Since our first trip to Joshua Tree, we have both grown a lot. We have ventured into alpine climbing in the High Sierra, and at the end of last summer, we took an unsuccessful but exciting shot at Washington Column in Yosemite. Our experiences have given us a solid jumping off point. Now, it’s not only about climbing. It’s about engaging with the world—with life, danger, and fear in a real way, not in a sterilized way. In climbing, your ability protects you, not someone else’s guarantee. If you fall, there’s no one to sue. It’s all in your hands. Allie and I want to take on real risk, adventure, and reward.

For us, the next step involves leaving Flagstaff. There are many reasons, but more or less, we need a larger playground. In November, I moved back to the San Francisco Bay Area, where I grew up, and I began working at a local bike shop. Cycling has become a fun compliment to climbing. Allie will move to the Bay Are in August, and we hope to climb in Yosemite for a few seasons. Multi-day big wall climbs will demand a new level of commitment and skill. In addition to Yosemite, we hope to travel to the Tetons, the Bugaboos, the Cascades, and hopefully, Patagonia over the next decade.

As we adventure, we hope our friends and family will read our blog and keep tabs on our adventures. For us, climbing has become a form of meditation, a way to expand our limits. We hope, if other people stumble across our blog, they will feel inspired to live life on their own terms, to seek out their own adventures.

Projecting Reality: The Premise

Hi, my name’s Allie, and along with my climbing partner and boyfriend, Nick, I’m here to introduce you to Projecting Reality. Nick and I are both rock climbers and outdoor enthusiasts. We met in Flagstaff, Arizona several years ago, but we are in the middle of a move to San Carlos, an area outside of San Francisco where tech companies—Google, Oracle, Facebook—reign supreme. In contrast to many people our age, who would be content to never leave their gentrified neighborhoods or their company’s campuses, we hope to use the Bay Area as a gateway to Yosemite. In Yosemite, we will pursue big wall climbing—multi-day rock climbing—as a team.

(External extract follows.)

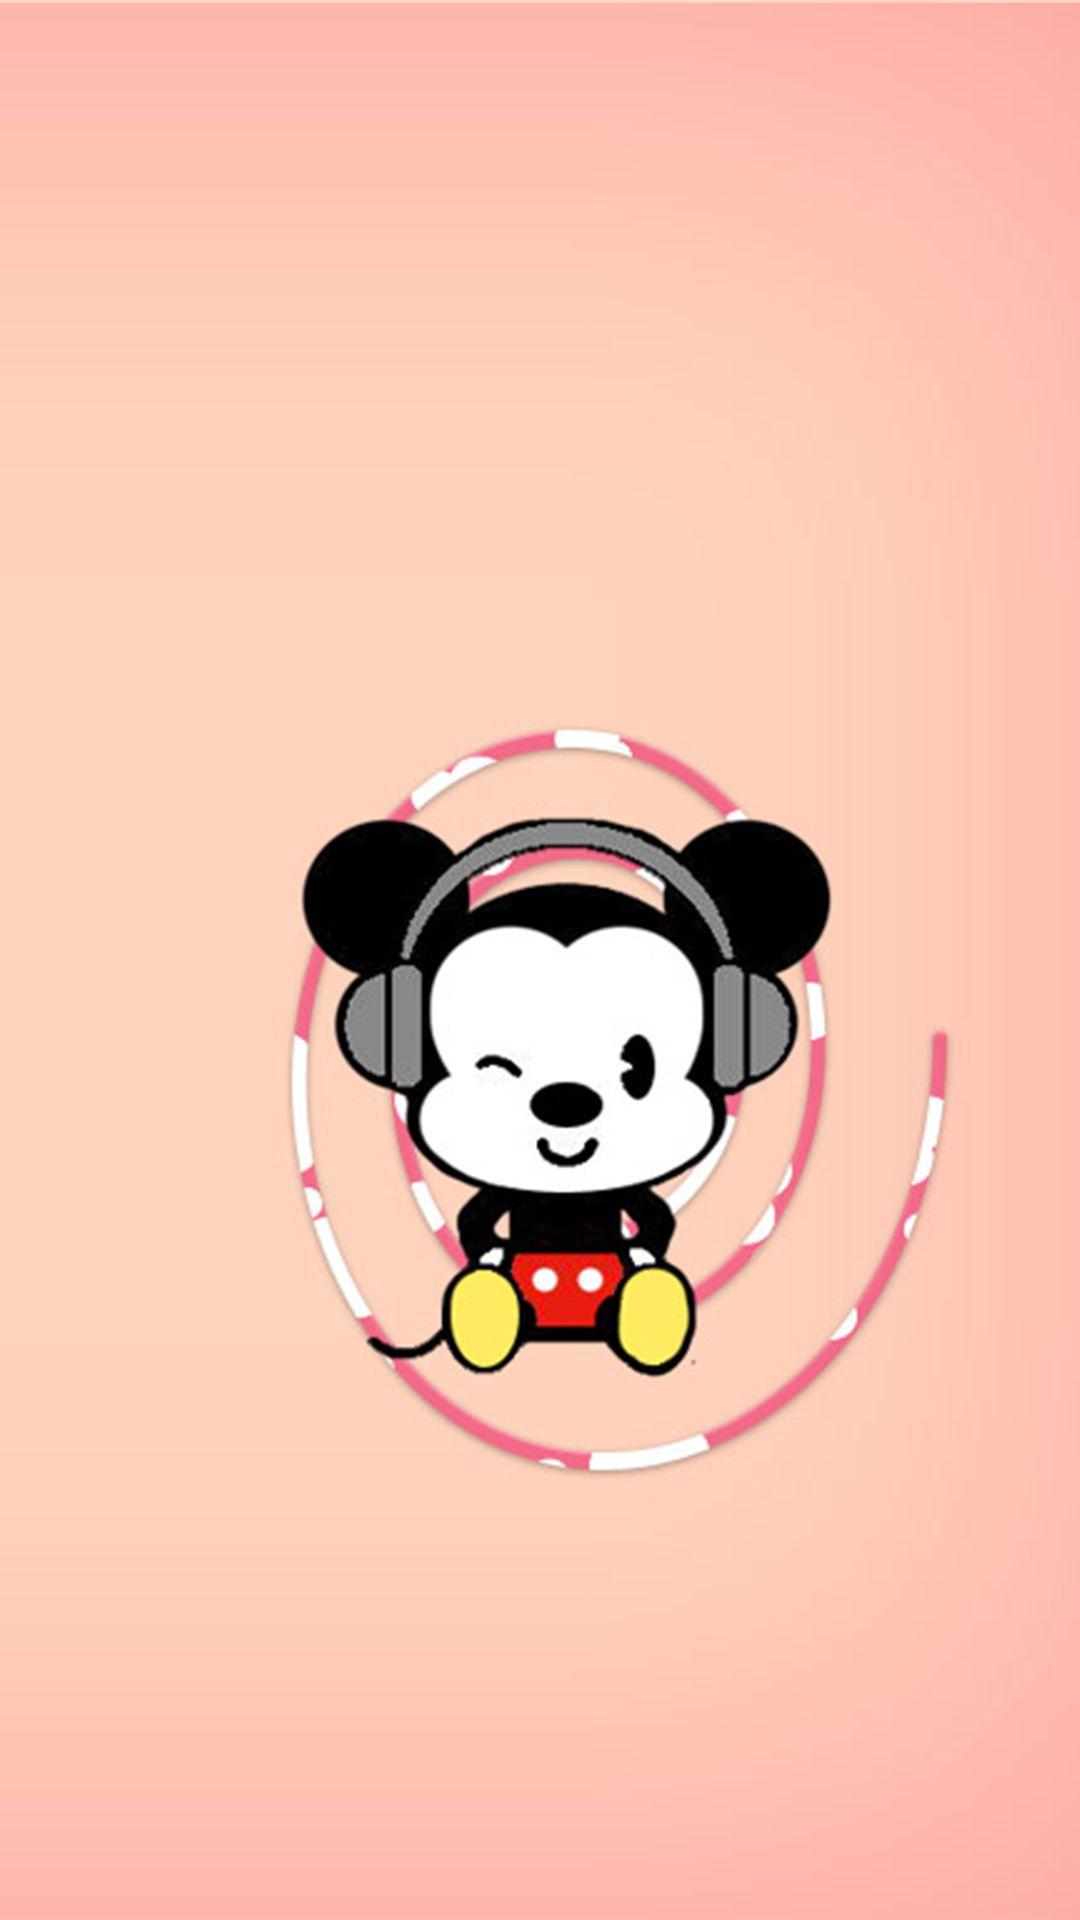 16 Mickey Mouse Supreme Wallpapers On Wallpapersafari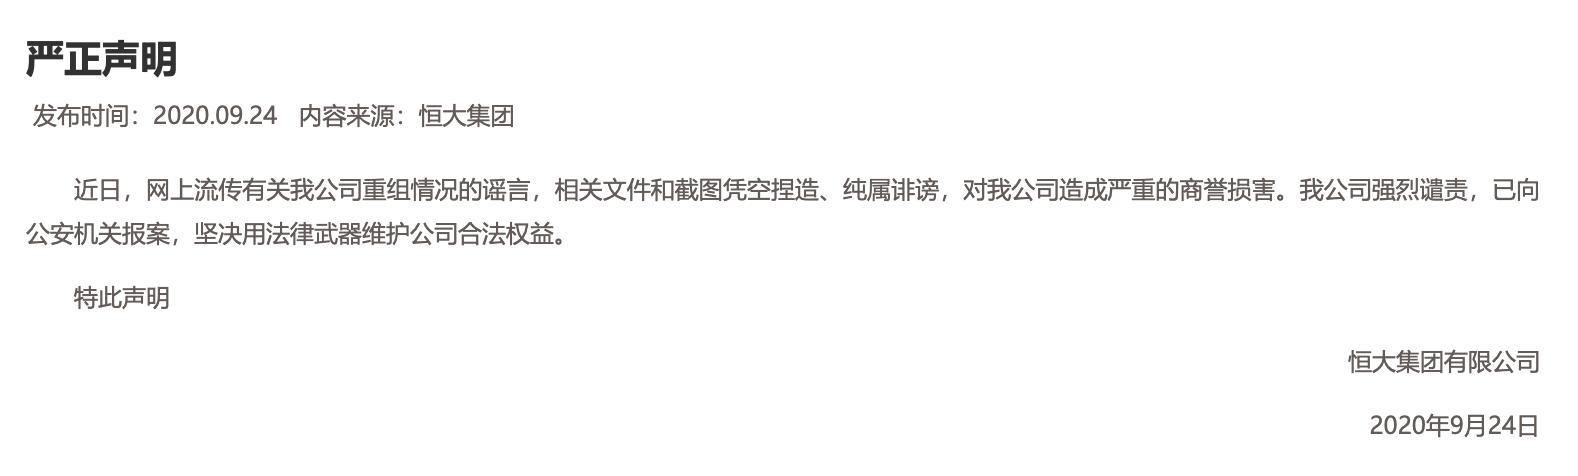 """恒大方面否认""""网传申请尽快重组""""文件:系不实信息 已报警丨热公司"""

Even if you aren’t a climber, there’s something beautiful about seeing someone push past their physical and emotional limits to ascend a piece of rock. Climbers call the process of working through limits projecting. As you piece together a series of move on your project, you gain a new understanding of climbing and your personal hang-ups. Often, the changes you need to make are subtle—a slightly different way of grabbing a hold, a little more boldness or dynamic movement in your approach. Over the years, Nick and I have started to apply the projecting mindset to our lives. We have learned to carve out time to climb, train, and adventure.

As our generation tends to value virtual experiences over real experiences, we hope to use our blog to talk about experiences of real danger and real adventure. We want to document both our successes and our failures, and maybe, we can produce a blueprint for other millennial adventurers. It’s easy to become entrenched in social media, video games, and status symbols, but we don’t all value representations of reality over reality. Nick and I want adventure you have to pay for with hours in the gym and genuine commitment. In other words, we are projecting our reality.